Model 1: multiple regression model on dataset 1 with all variables (HW, ChC, and BL); Model 2: multiple regression model on dataset 1 with stepwise procedure; Model 3: multiple regression model on dataset 2 with all variables (HW, ChC, BL, HCr, ChW, ChD, and CrW); and Model 4: multiple regression model on dataset 2 with stepwise procedure.

HW: Height at withers; ChC: Chest circumference; BL: Body length; HCr: Height at croup; ChW: Chest width; ChD: Chest depth; CrW: Croup width; RMSE: Root mean standard error; R²: Coefficient of determination; AIC: Akaike Information Criterion.

Regression equations of real vs. estimated BW obtained for the models 1–4 are reported in Figure 1. High values of R² were obtained (0.940–0.961), confirming that in Cornigliese sheep the live weight can be predicted starting from body measurements, as in other sheep breeds. Therefore, the choice of the model to use is highly dependent on several factors, where the most important is the convenience of use, which is reflected into the number of measurable variables.

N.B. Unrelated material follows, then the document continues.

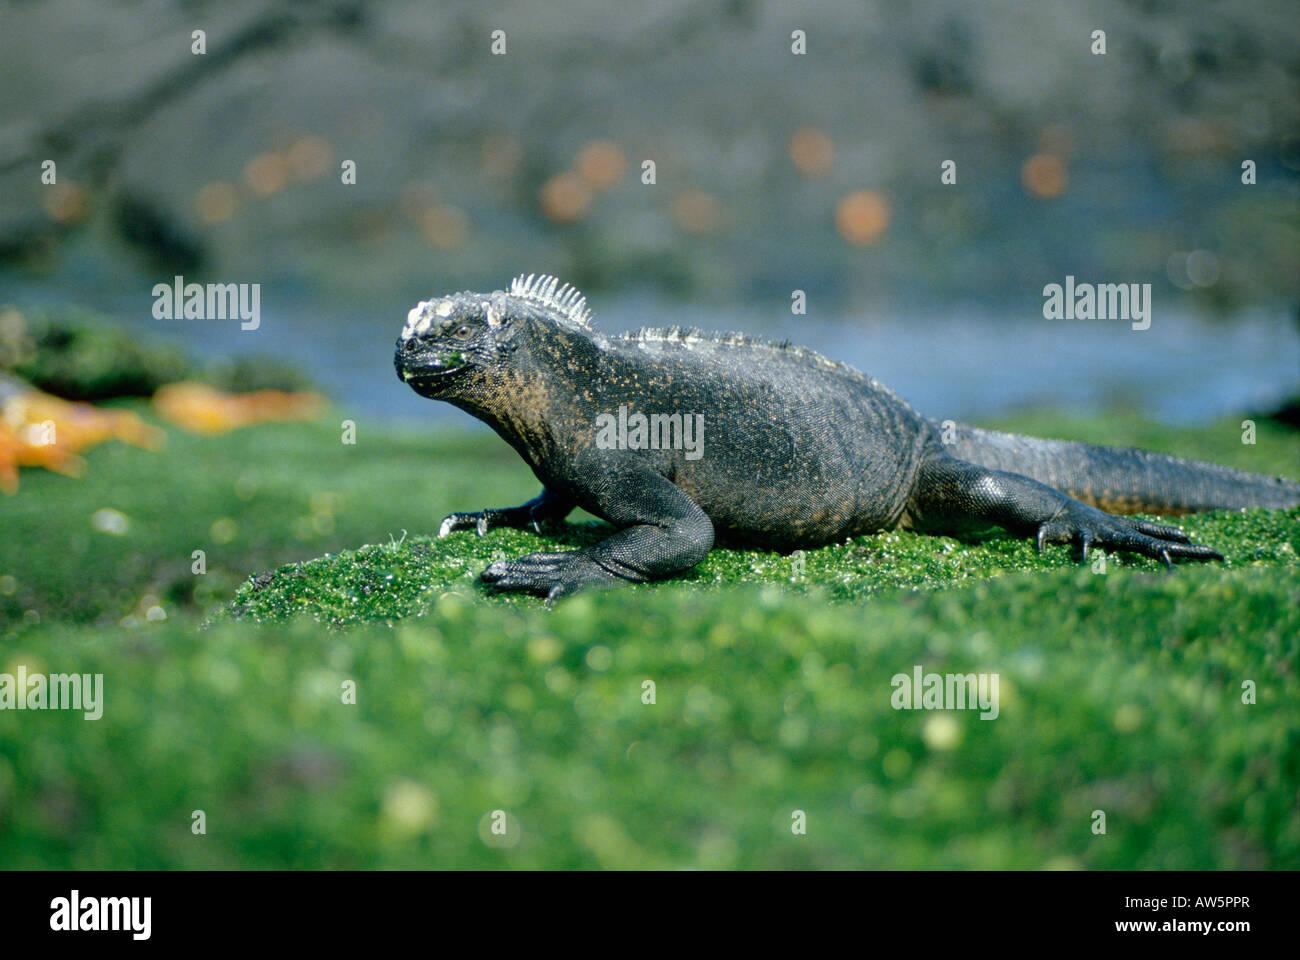 beschaulicher Marin Meerechse Marine Iguana Amblyrhynchus Cristatus Tiere porträtiert endemisch Endemisch Galapagos Stockbild

Figure 1. Actual body weight vs. estimated body weight. Model 1: the underlying regression equation is: y = –0.0068x² + 1.5643x – 6.7174; R² = 0.944. Model 2: the underlying regression equation is: y = –0.0065x² + 1.5373x – 6.3193; R² = 0.940. Model 3: the underlying regression equation is: y = –0.0058x² + 1.5527x – 8.5986; R² = 0.961. Model 4: the underlying regression equation is: y = –0.0057x² + 1.5380x – 8.2466; R² = 0.958.

Conclusion

We concluded that BW could be predicted by means of linear BMs in Cornigliese sheep breed. The best fits were obtained when the highest number of BMs was included in the model. Nevertheless, reduced models could be used more easily in practice in the extensive sheep breeding, since they require less parameters to be measured in the population. Further studies are ongoing to verify the presence of latent factors which might impact the weight gain and size of animals. To this aim, we are considering the application of the principal component analysis. This ongoing study will potentially contribute to increase the economic interest in the breed, while aiming at its genetic preservation.

Ethical approval

All authors declare that this study follows the principles of the Declaration of Helsinki.

Acknowledgments

Part of the results was presented at the 23rd National Congress of the Animal Science and Production Association (ASPA 2019, Sorrento, Italy, 11–14 June 2019).

Disclosure statement

None of the authors has a financial or personal relationship with other people or organisations that could inappropriately influence this publication.

Additional information

Funding

The research was supported by the Emilia-Romagna region [PSR – PRIP 2007/2013: Measure 214, Action 7, Biodiversity ‘Local Integrated Project: Agricultural Biodiversity in Parma: the future of a territory’ and Measure 411, Action 7 – Project ‘Protection and promotion of livestock biodiversity in the Apennines territory of Parma and Piacenza’].